EXERCISE BRIEF:
Set the images aside and retype the whole listing exactly.
[[ PROVIDED MATERIAL open ]]
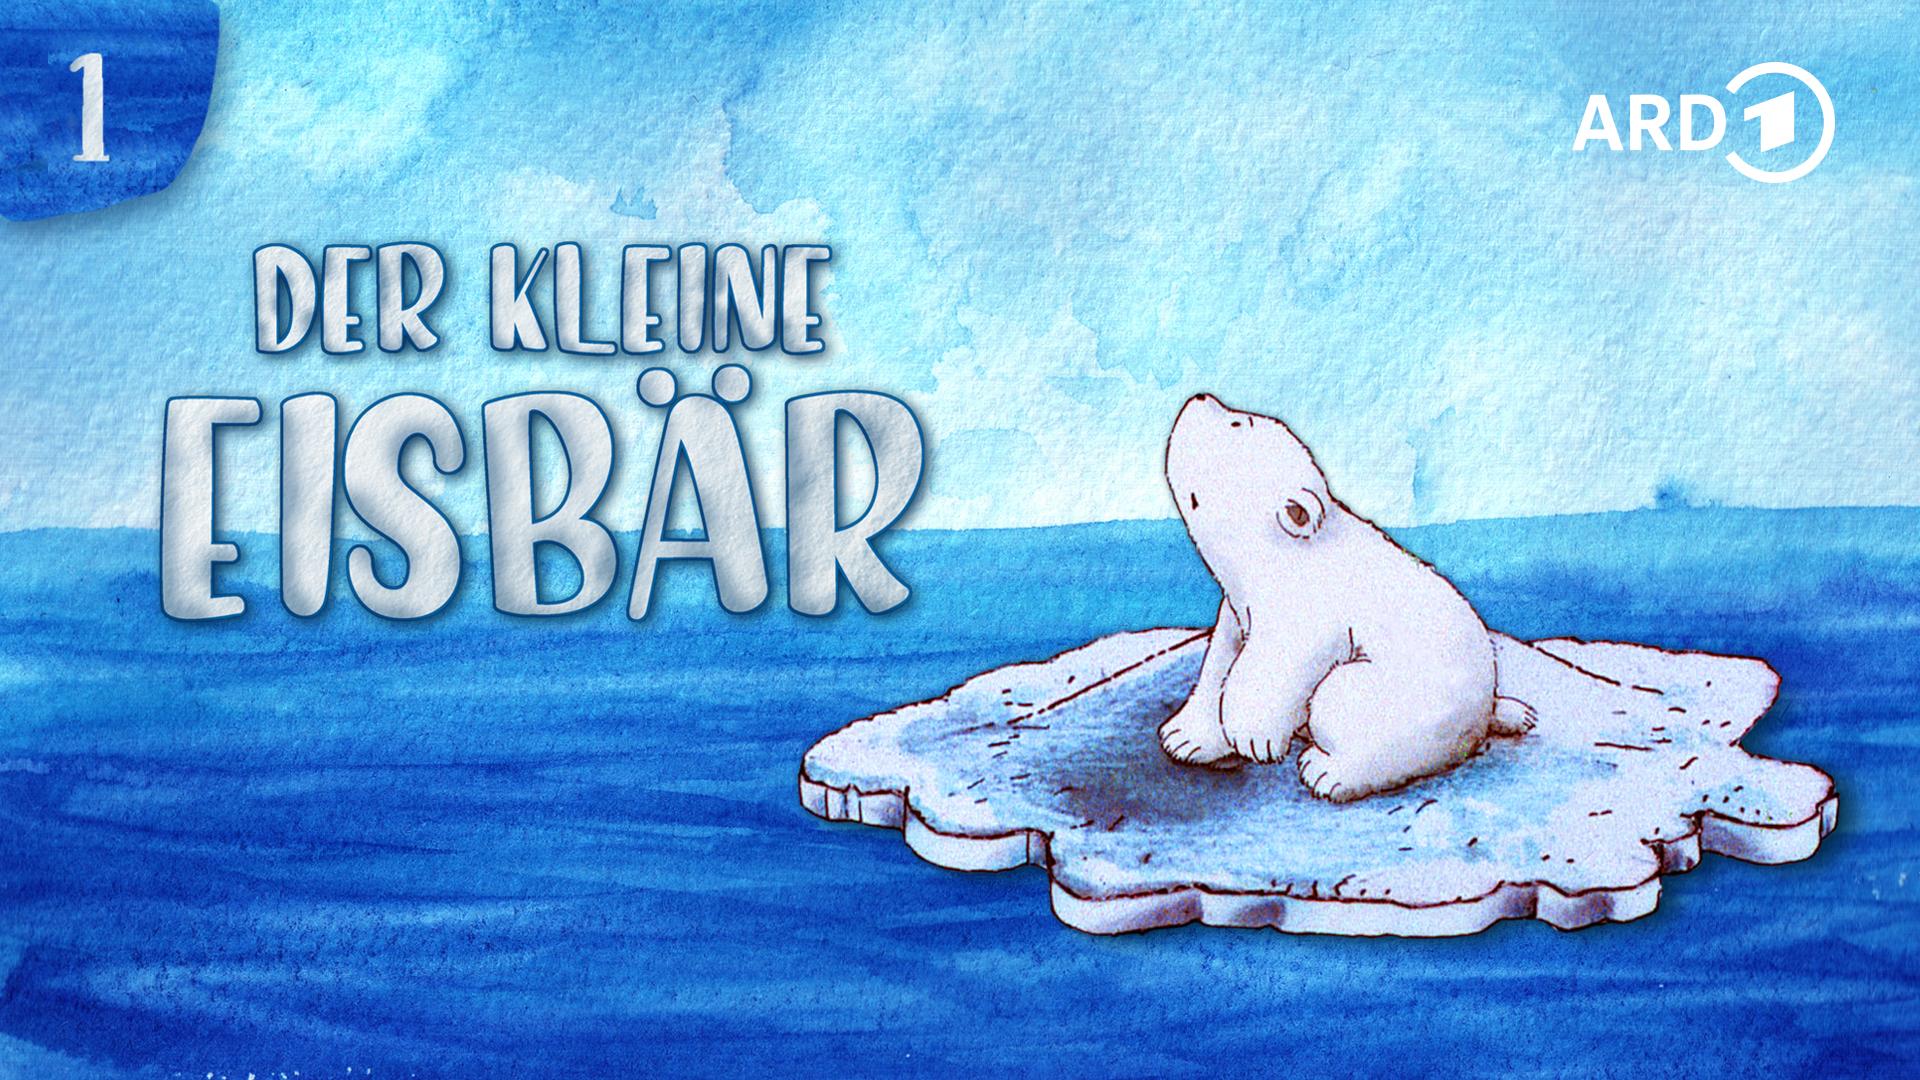 Der kleine Eisbär, Vol. 1
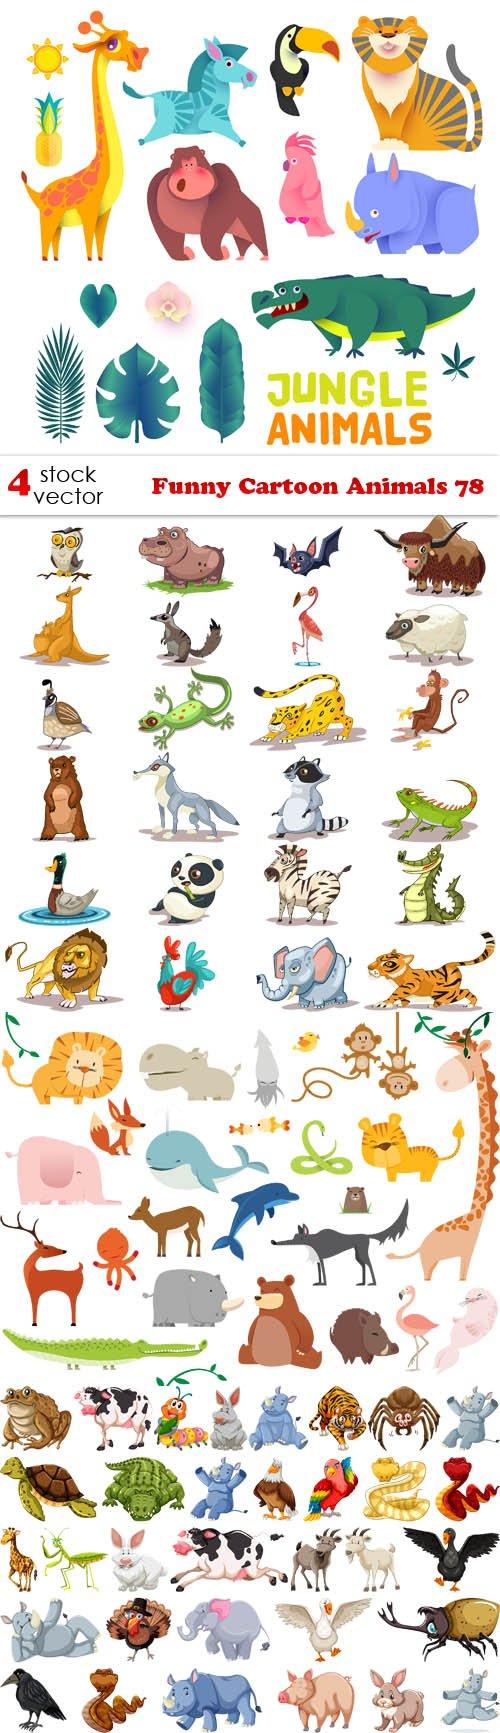 Vectors - Funny Cartoon Animals 78
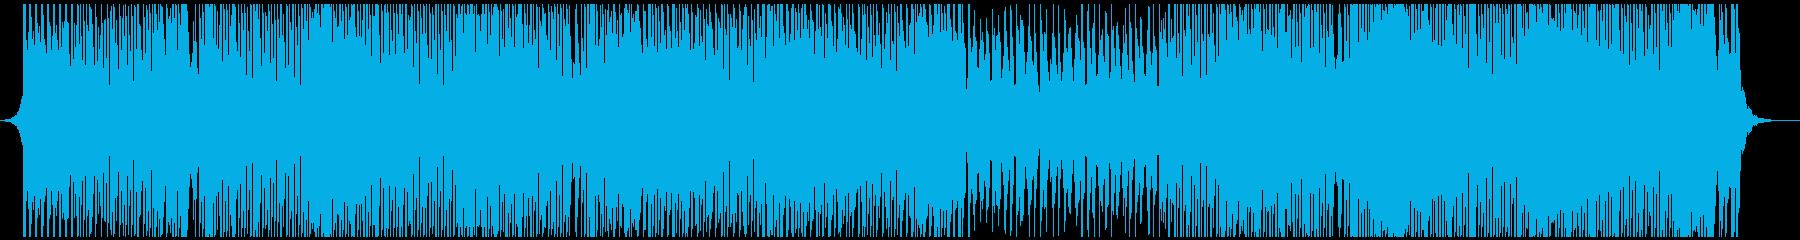 ダンスポップパーティーの再生済みの波形
[[ PROVIDED MATERIAL closed ]]
YOUR RESPONSE:
 Der kleine Eisbär, Vol. 1
 Vectors - Funny Cartoon Animals 78
 ダンスポップパーティーの再生済みの波形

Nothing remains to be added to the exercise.